I manage a smile before helping to open the compartment holding all the equipment.
(This is it, the part I’ve been waiting for. Did any of them bring something else along not listed on the flight manifest? Some lucky object or—)
The crate is heavy but not more so than on the ship. “It’s one G here, isn’t it?” Hak-Kun asks and I nod.
“It’s so similar to Earth,” Lois says. “That can’t be a coincidence.”
“It might not be as meaningful as you might think,” I reply as Hak-Kun opens the crate and begins to pass out containers to the relevant people. “It might simply be that life of the kind we’re used to can only flourish within certain parameters, so the results are familiar without there being some sort of intelligent design behind it.”
“I thought you were a believer, Ren,” Mack says.
“I’m also a scientist,” I fire back, irritated with his mocking tone. “They’re not incompatible.”
(It’s easy to tune out an argument with Mack; I’ve had so many over the years, freeing my attention to look at what everyone is taking out of the containers. It’s mostly small boxes with sensor prongs sticking out of them, and in Lois’s case a small gun that leads to a brief argument between her and Mack, which she wins. But there’s nothing I can see that explains the metal artifact.)
“Is everyone ready?” Suh asks. “Okay, then. This is it.”
She walks off, striking out toward God’s city, and I stand there longer than the rest, watching her back as she walks away from me, tiny beneath the twisting black tendrils and pods, forging the last path of the journey.
(I know this is the best place to pause the footage, but it’s hard to shut it down and no longer see her. It’s like sticking a fingernail into an old cut that’s bleeding once more. But I know what happens soon afterward and I simply cannot relive that again.)
“Stop footage,” I say out loud and I’m back in my house, wedged in and aching. My throat is raw and the fabric over my chest is wet with tears that dripped unchecked. I wipe my cheeks with the back of my hand and tackle the gunk in and below my nose with another T-shirt lying within reach. I realize it’s one of Kay’s tops. I never had any intention of returning it anyway, even though her scent left its fibers long ago.
Exhausted, I rest my head against the stack of fabric beside me and realize, with a sense of utter wretchedness, that suffering that day again has brought me no closer to a solution.
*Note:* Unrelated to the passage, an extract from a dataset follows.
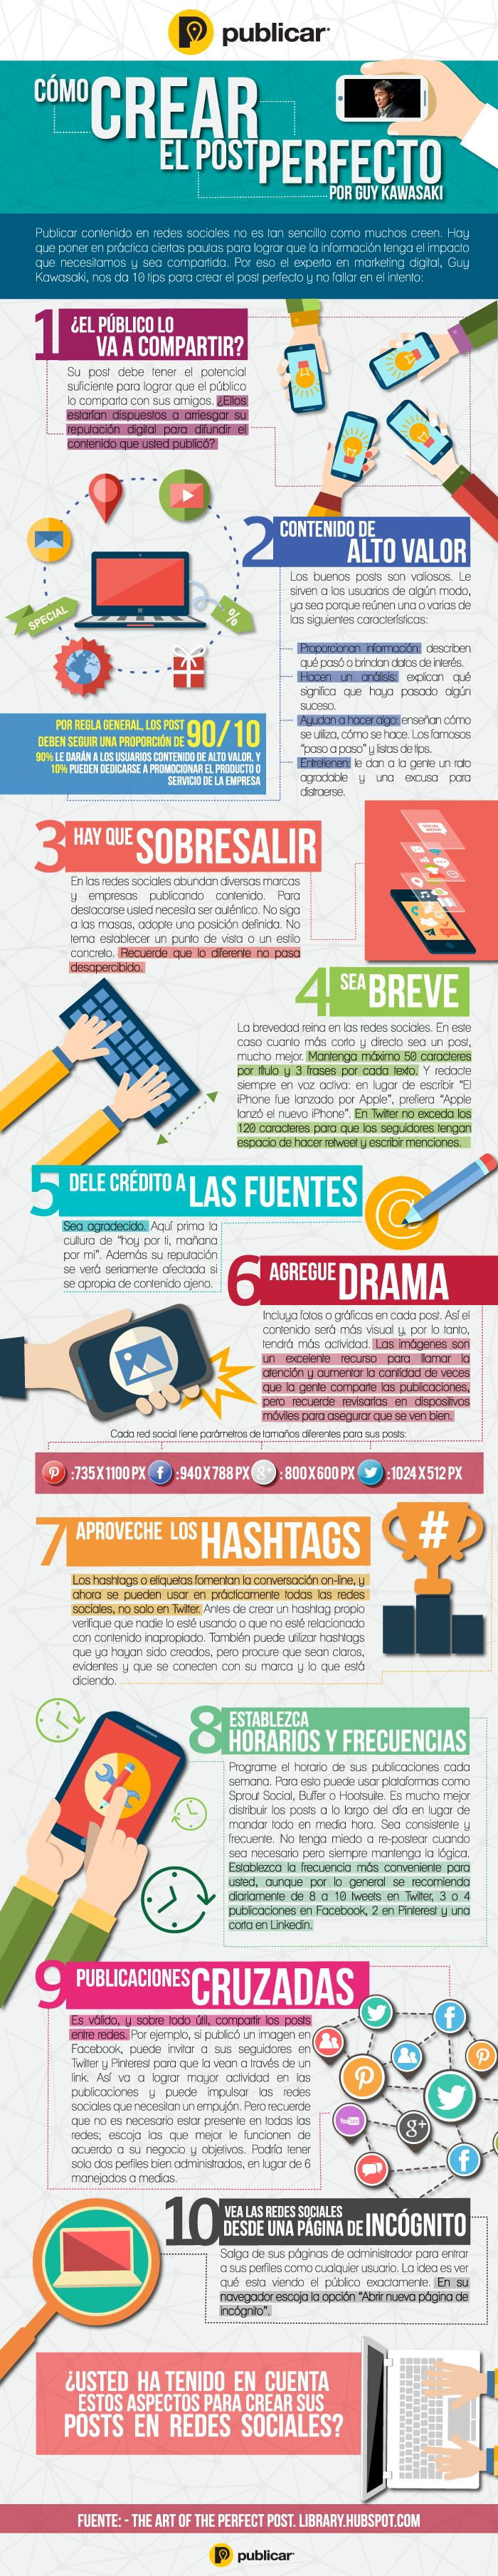 Cómo crear el post perfecto según Guy Kawasaki #infografia #infographic #socialmedia
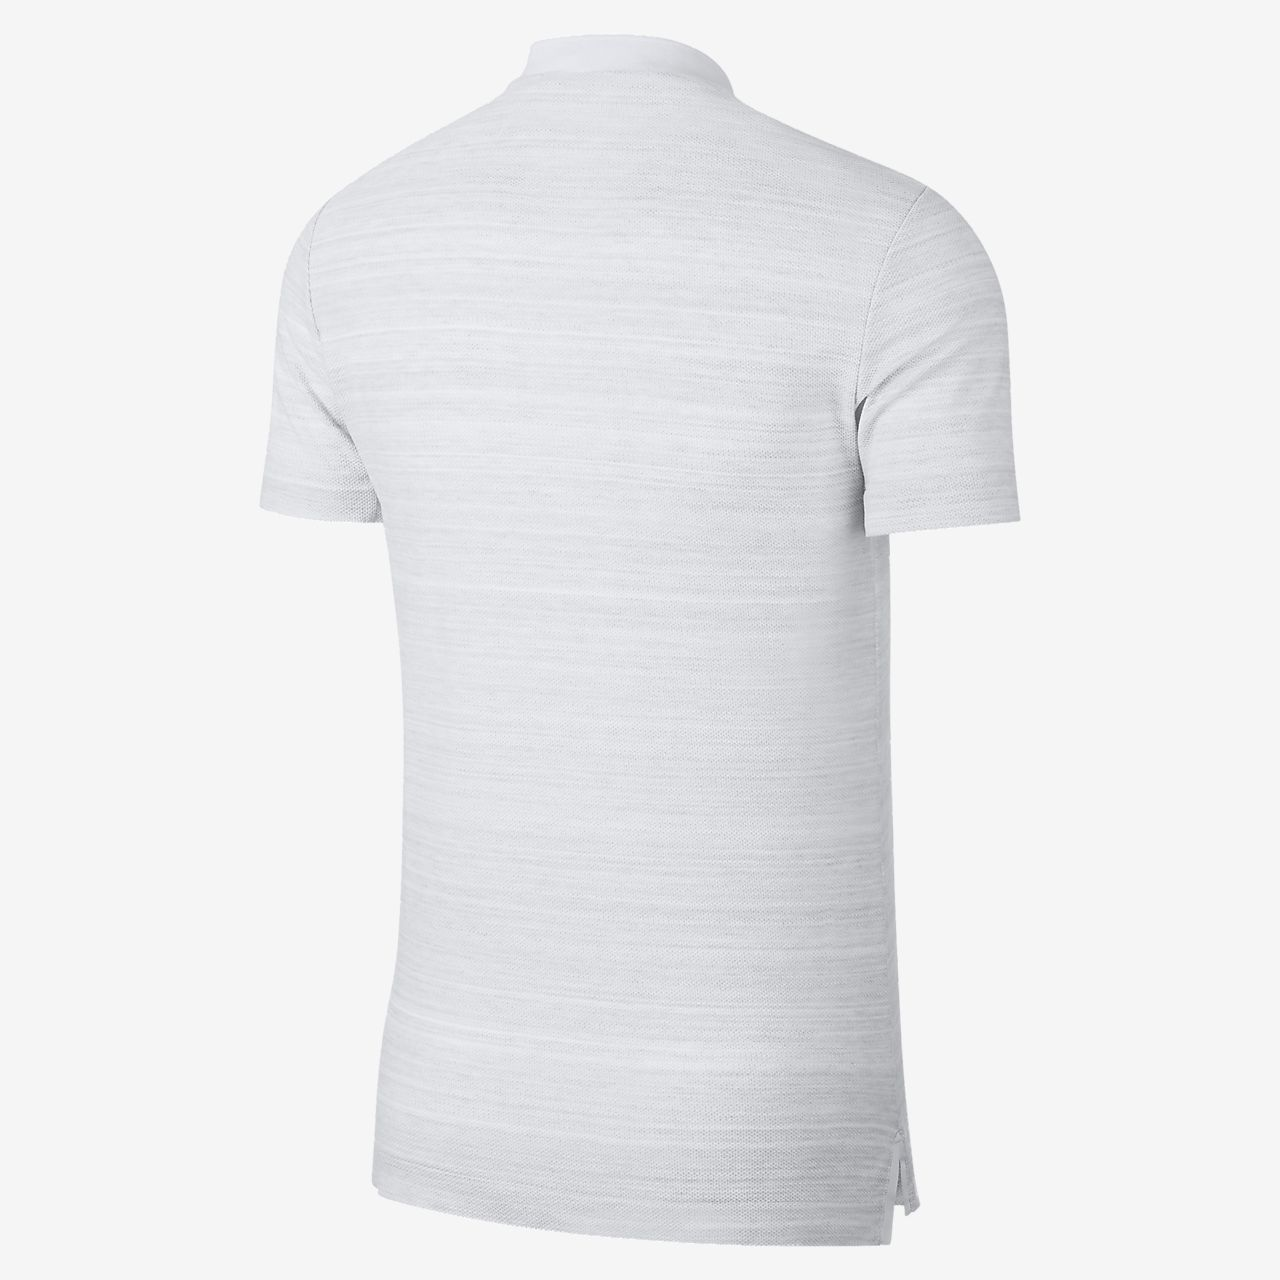 Chelsea FC Authentic Grand Slam Men s Polo. Nike.com SK b07901b7a

I have to conclude that unless one of the crew smuggled something down to the surface (highly unlikely as it wouldn’t have been fully decontaminated), that bit of metal didn’t come from one of us.
There is a limited set of logical explanations, and none of them satisfy me.
One is that someone else from the colony has been visiting God’s city secretly, as I have. The only person I know who’s been back there since that first day is Mack, and I know for a fact that he hasn’t been back into that particular section again. I can’t imagine anyone else breaking the rules, but I do, on a regular basis, so I have to entertain the notion that someone else has too and that they left something behind.
There’s another possibility: someone else came to God’s city before us. For that to be true, it wouldn’t be someone else from Earth, as we were most definitely the first to achieve interstellar travel on that scale. The risk that someone could improve upon the technology Suh developed and beat us to our destination was a concern of mine right from the start of the project. When Mack came on board he fought with Suh over patents and her desire to help humanity as well as reach this planet. In the end they agreed to lock away secrets within a capsule, protected by several gov-corps, to be opened forty years after we left. Suh got to feel she had left something useful behind and Mack and I were satisfied no one could beat us here. Unless something went wrong with that capsule—unlikely considering the amount of international red tape Mack wrapped it up in—we are the only people to reach this place from Earth. If someone else was inside God’s city before us, it would have to be someone from another civilization.
I shiver. Were there others who, like us, came seeking God?